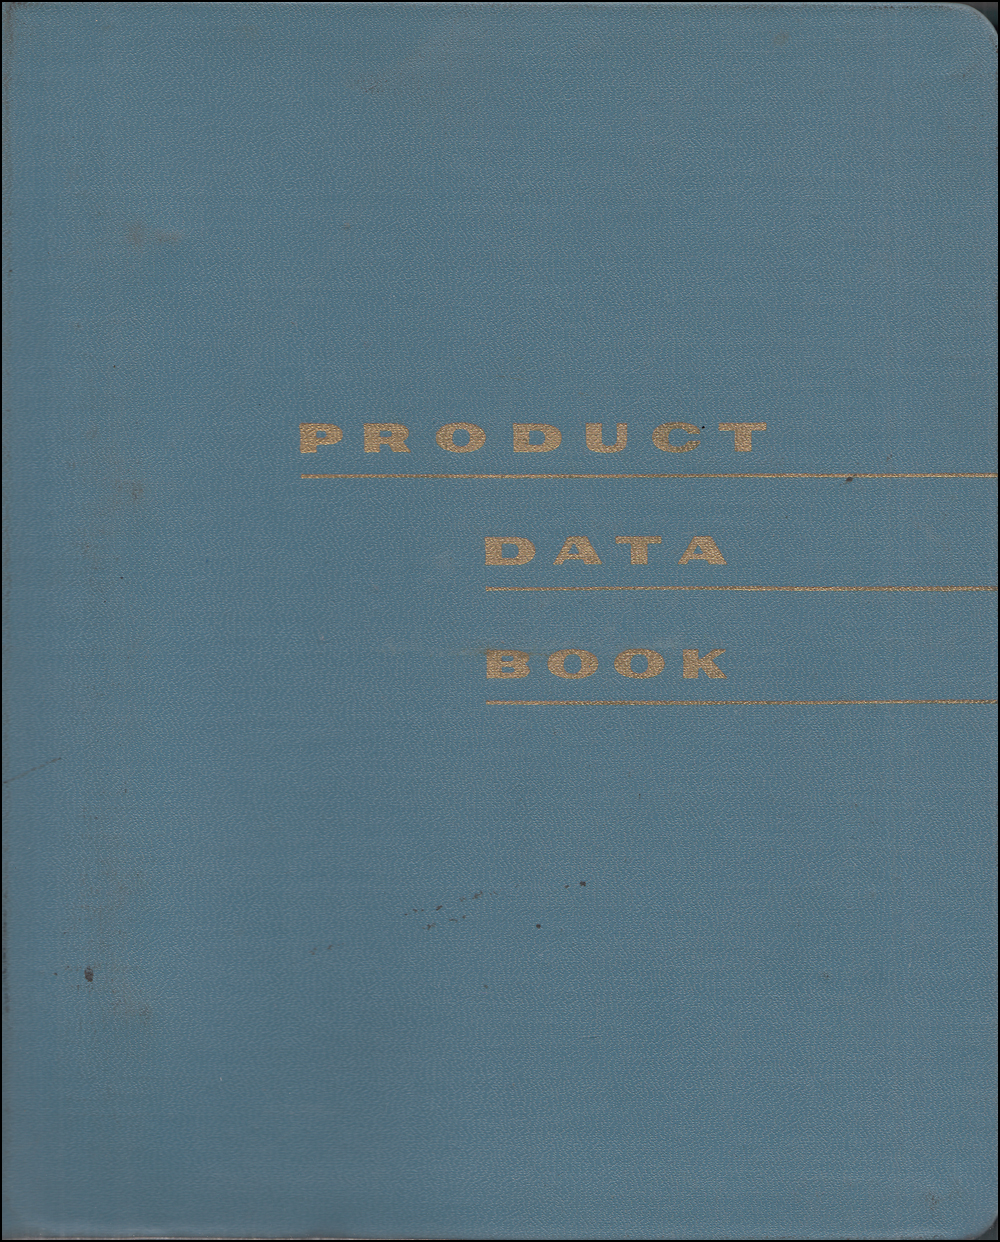 1962 Lincoln Continental Data Book Original
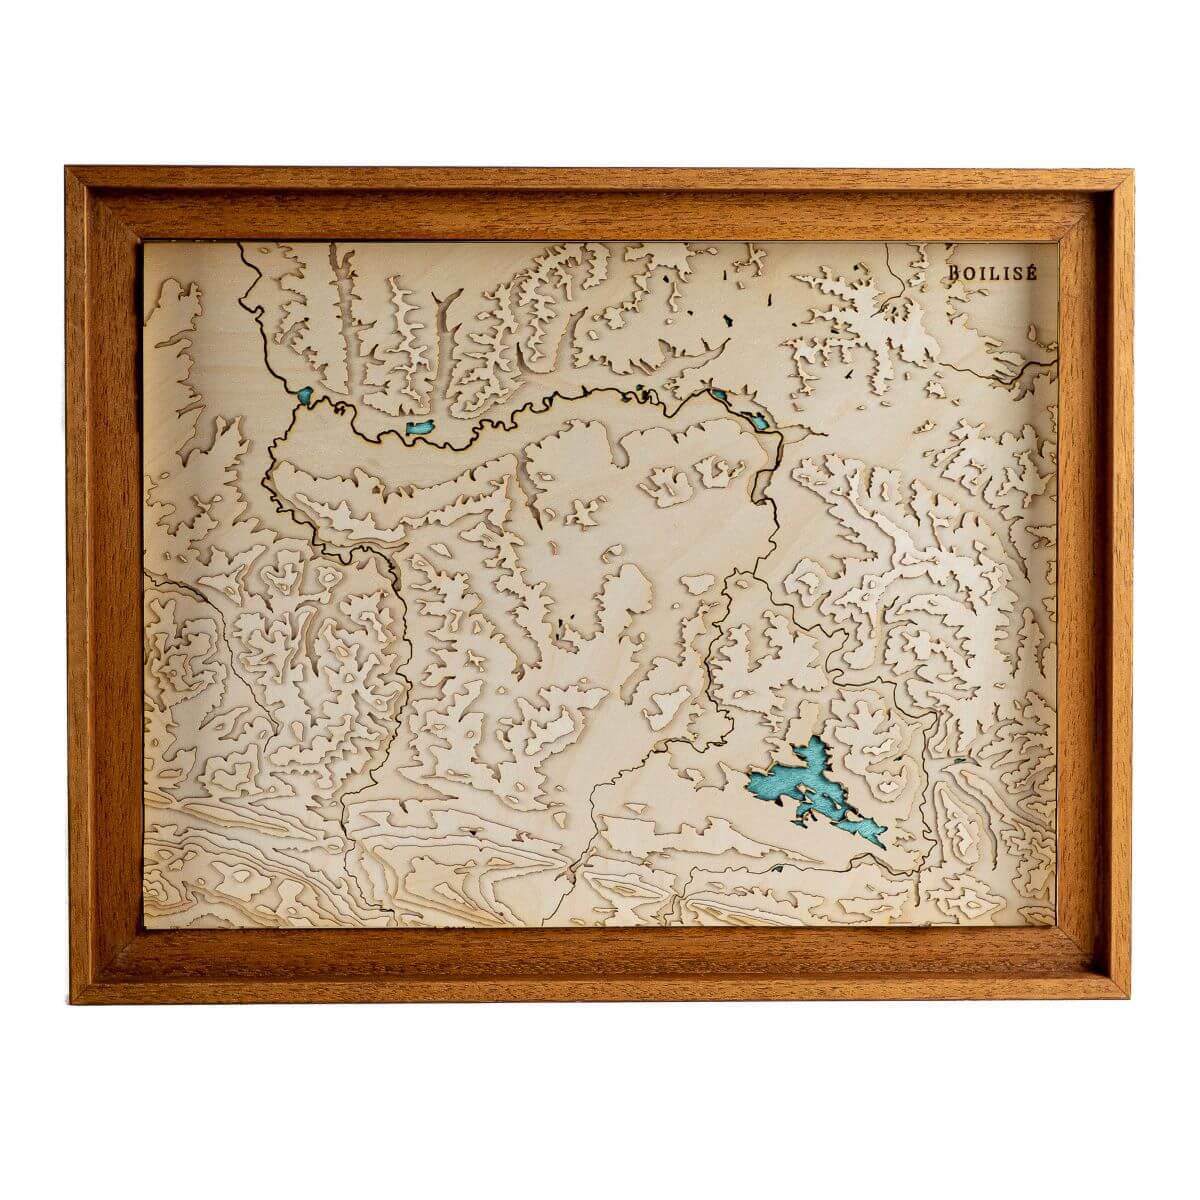 Le pays du Mirepoix représentée dans une carte au style unique
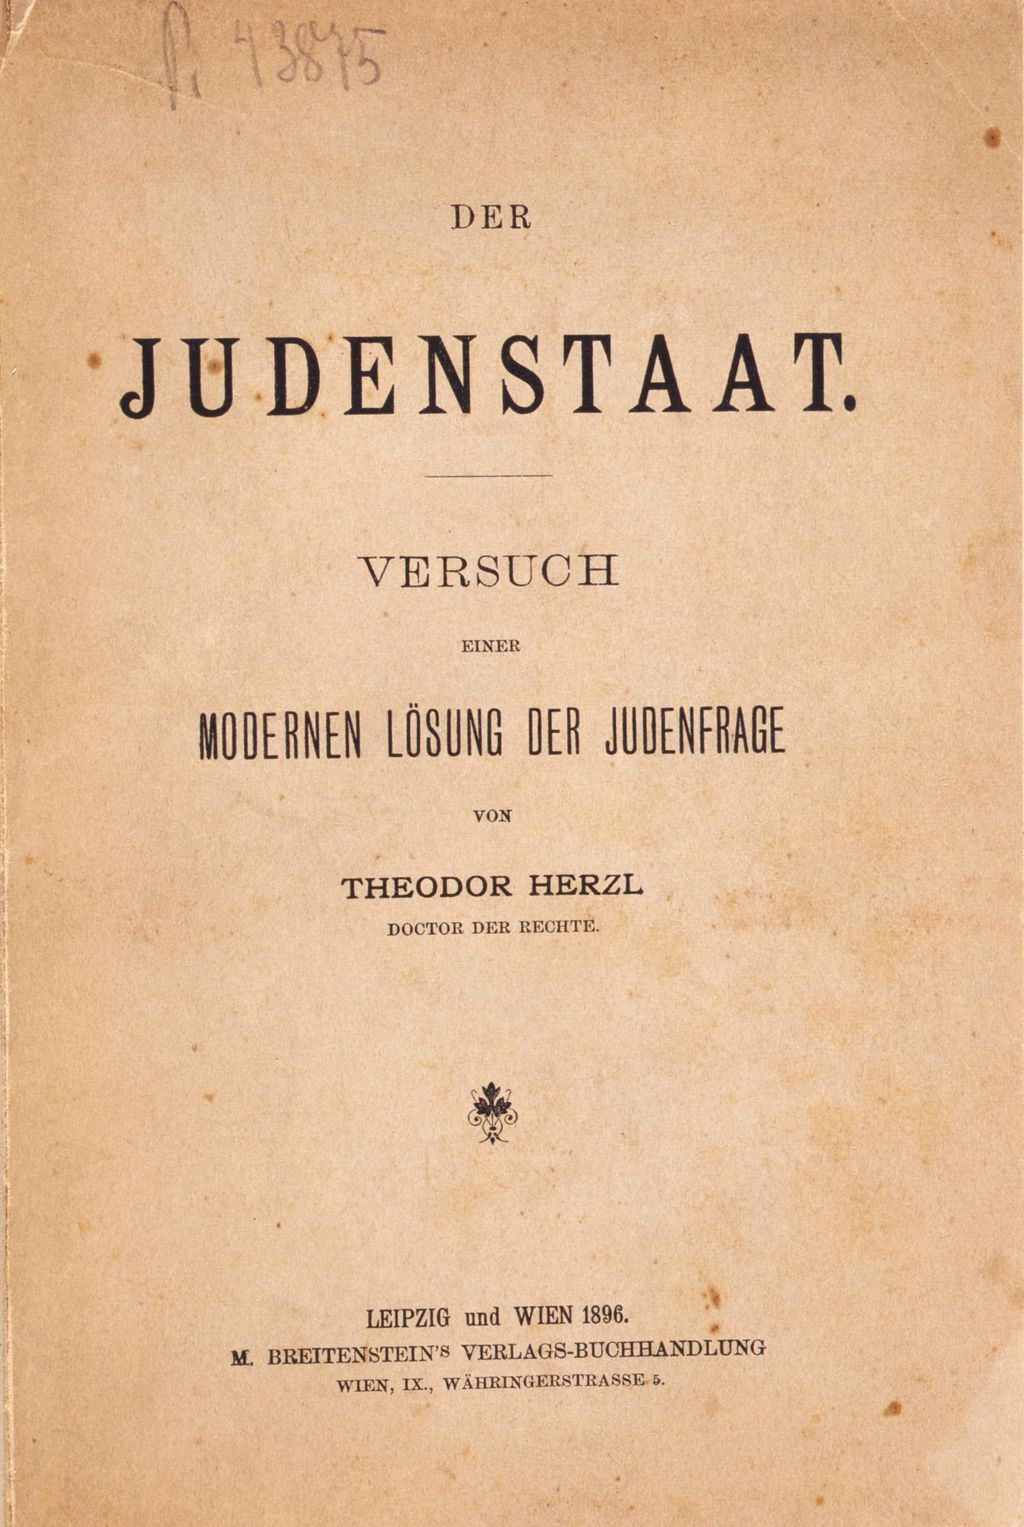 Buch: Herzl, Theodor "Der Judenstaat", 1896
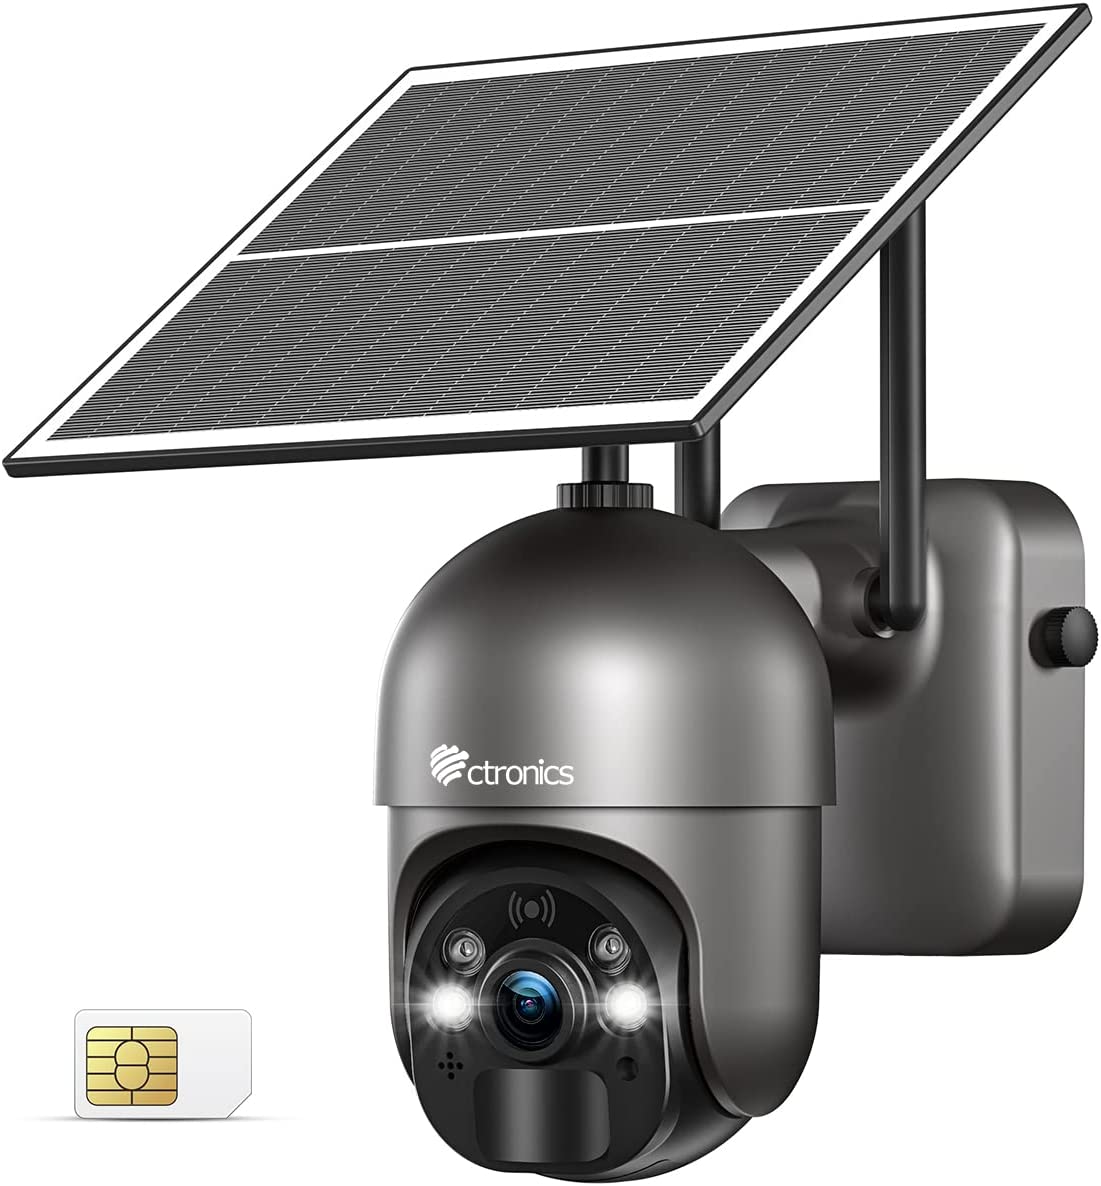 GABRIELLE Caméra Surveillance WiFi Exterieure sans Fil Batterie
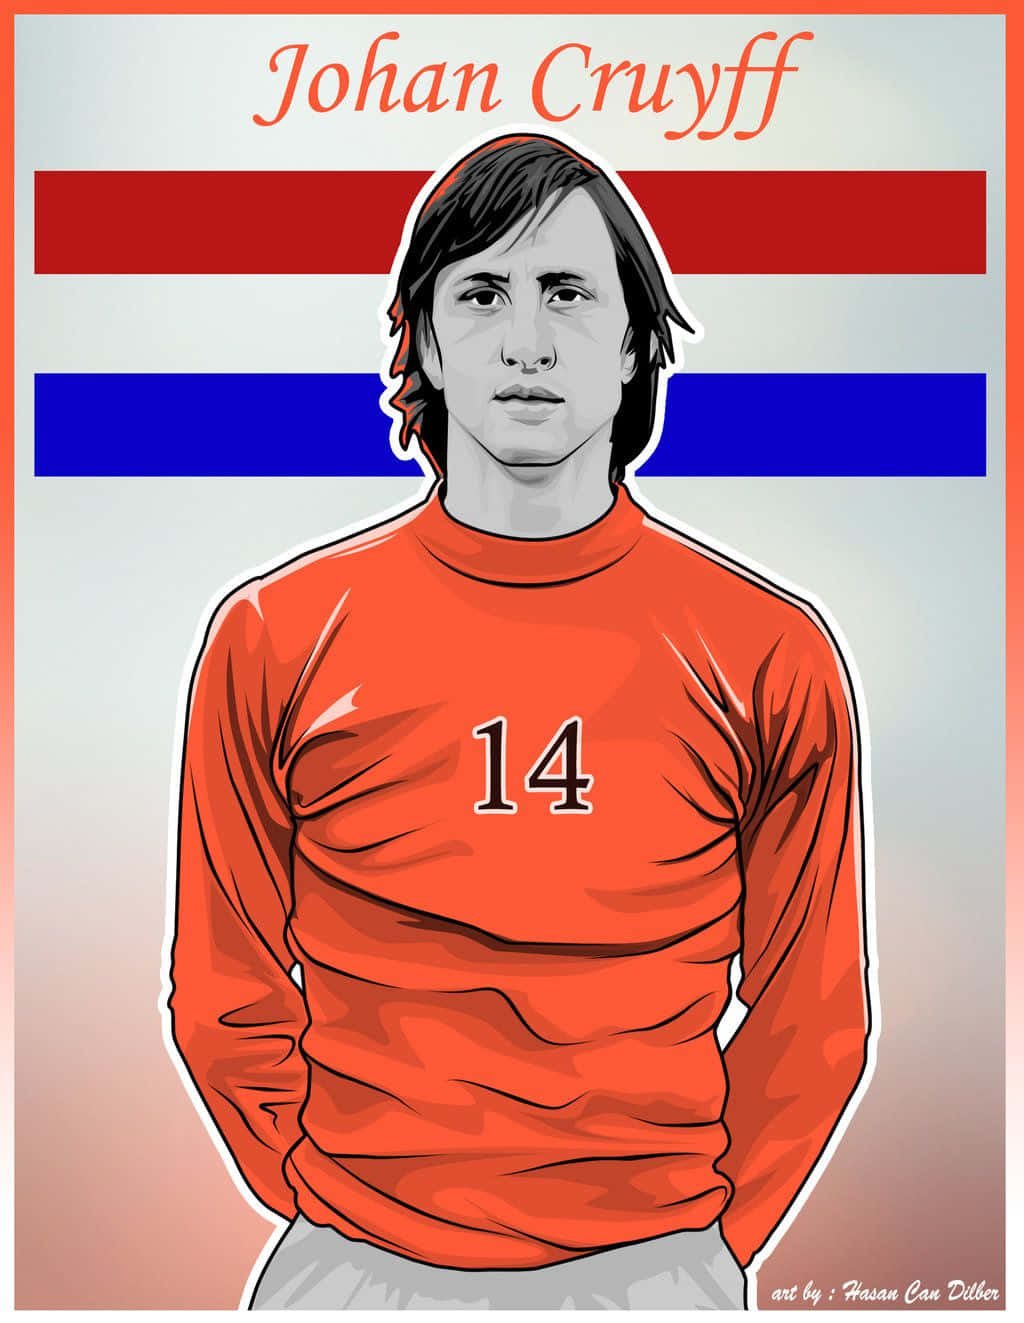 Pósterde Arte Digital De Johan Cruyff En Países Bajos Fondo de pantalla

_TASK BRIEF_: The line containing "GABRIELLE Caméra Surveillance" marks the start: set down exactly that line and every line after it through the last line of the data, without any pictures.

_TASK SOLUTION_:
 GABRIELLE Caméra Surveillance WiFi Exterieure sans Fil Batterie
 Pósterde Arte Digital De Johan Cruyff En Países Bajos Fondo de pantalla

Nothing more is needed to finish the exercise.